Ineos Finance BV has launched a €350 million secured bond offering, maturing March 2026. BofA Securities, Credit Suisse (B&D), and Deutsche Bank are joint global coordinators, while BNP Paribas, Lloyds, and Santander are joint bookrunners. An investor call is scheduled for today (Oct. 21) at noon BST / 7 a.m. ET, with pricing expected Oct. 22.
Proceeds from the notes — along with those from a €350 million, seven-year term loan — will be used for general corporate purposes, including the payment of dividends.
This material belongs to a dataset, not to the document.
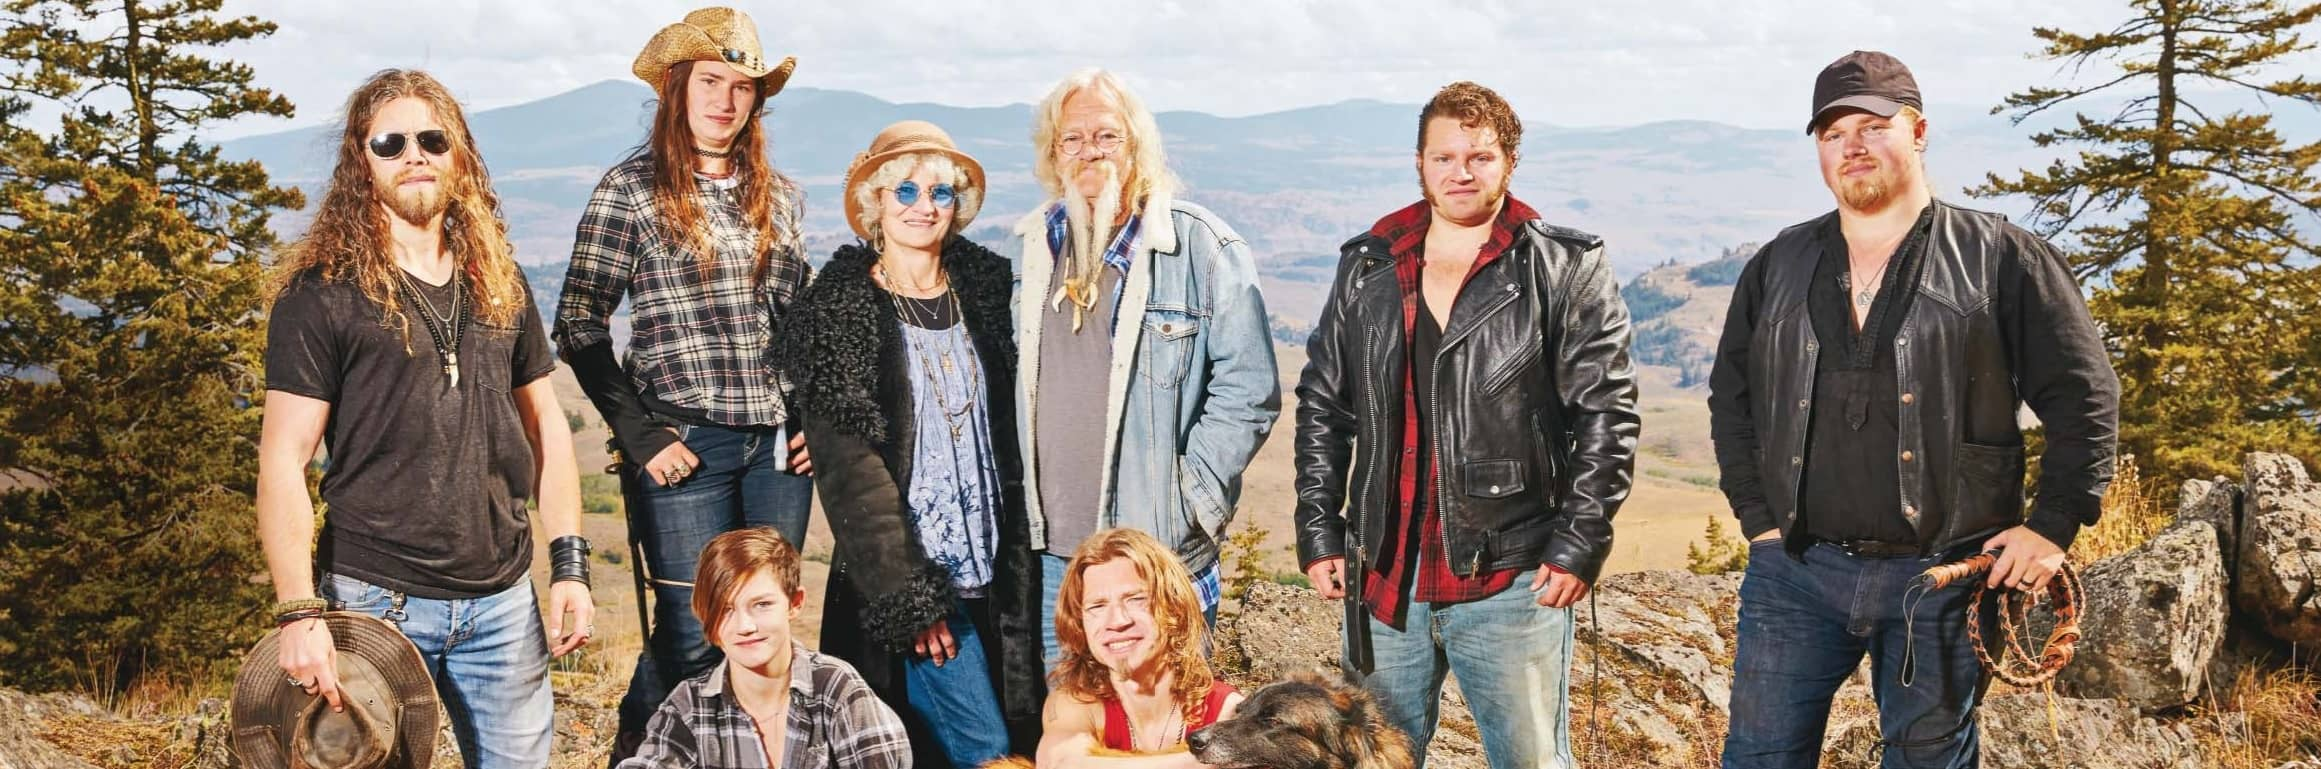 The Alaskan Bush People Family Standing Strong

Price talk on the loans is E+275-300, with a 0.5% Euribor floor and original issue discount, or OID, of 99, suggesting a yield to maturity of 3.46%-3.72%.
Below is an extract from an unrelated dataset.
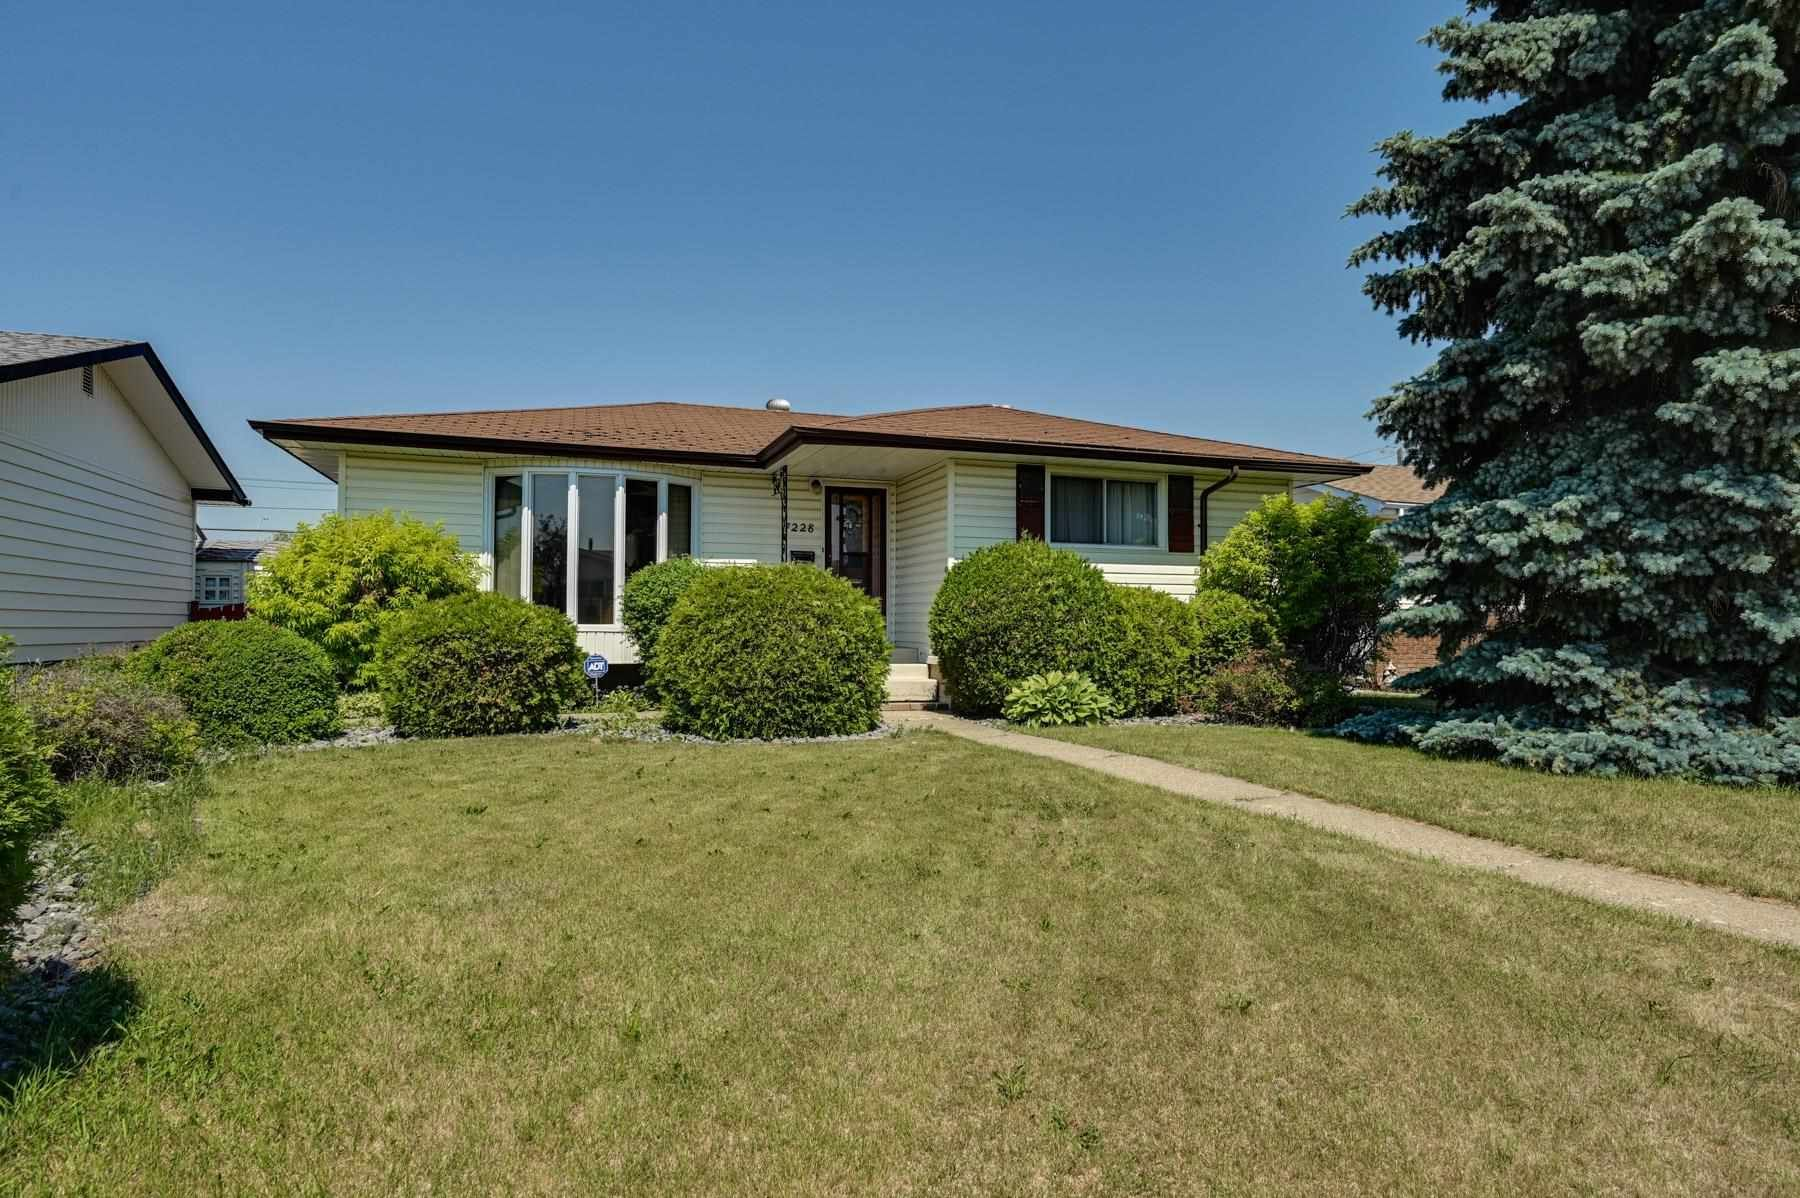 Main Photo: 7228 131A Avenue in Edmonton: Zone 02 House for sale : MLS®# E4252234

The new non-call two bonds will slip between the borrower's 2.125% notes due November 2025 and 2.875% notes due May 2026. Those closed last night at 96 yielding 2.98%, and at 98.08 yielding 3.26%, respectively, according to S&P Global Market Intelligence.
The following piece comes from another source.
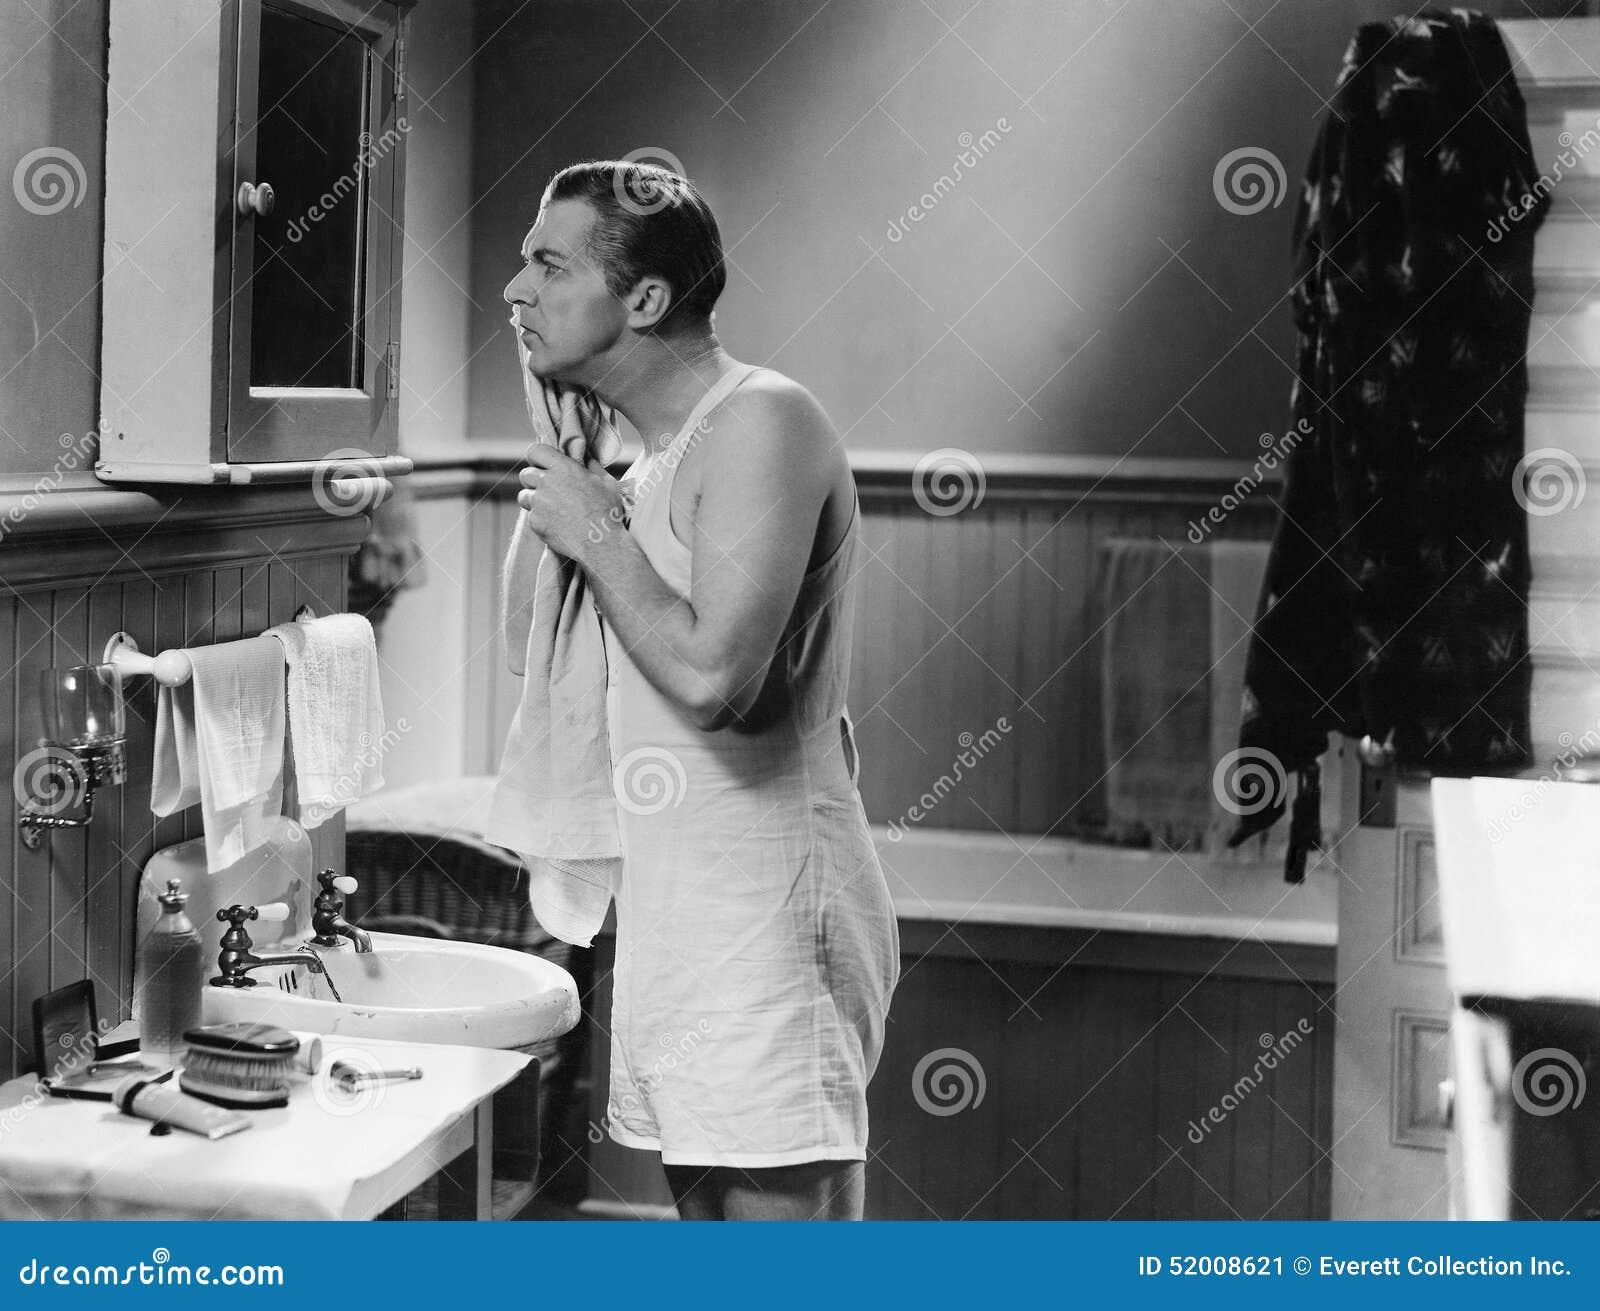 Man at bathroom mirror

The 2026 bonds mark its last visit to market, in April 2019.
Leads are guiding investors to expect ratings of BB/Ba3/BB+ and issue ratings of BB+/Ba2/BBB-.
Ineos is part of the wider Ineos Group, which includes Styrolution, Inovyn and Enterprises. Among these entities, Ineos Styrolution agreed to a $4.5 billion multi-currency financing in August to support its acquisition of BP's petrochemical business, with a wider bond and loan syndication expected to launch shortly.
Ineos operates 32 manufacturing sites in six countries. It reported sales of roughly $13 billion in 2019.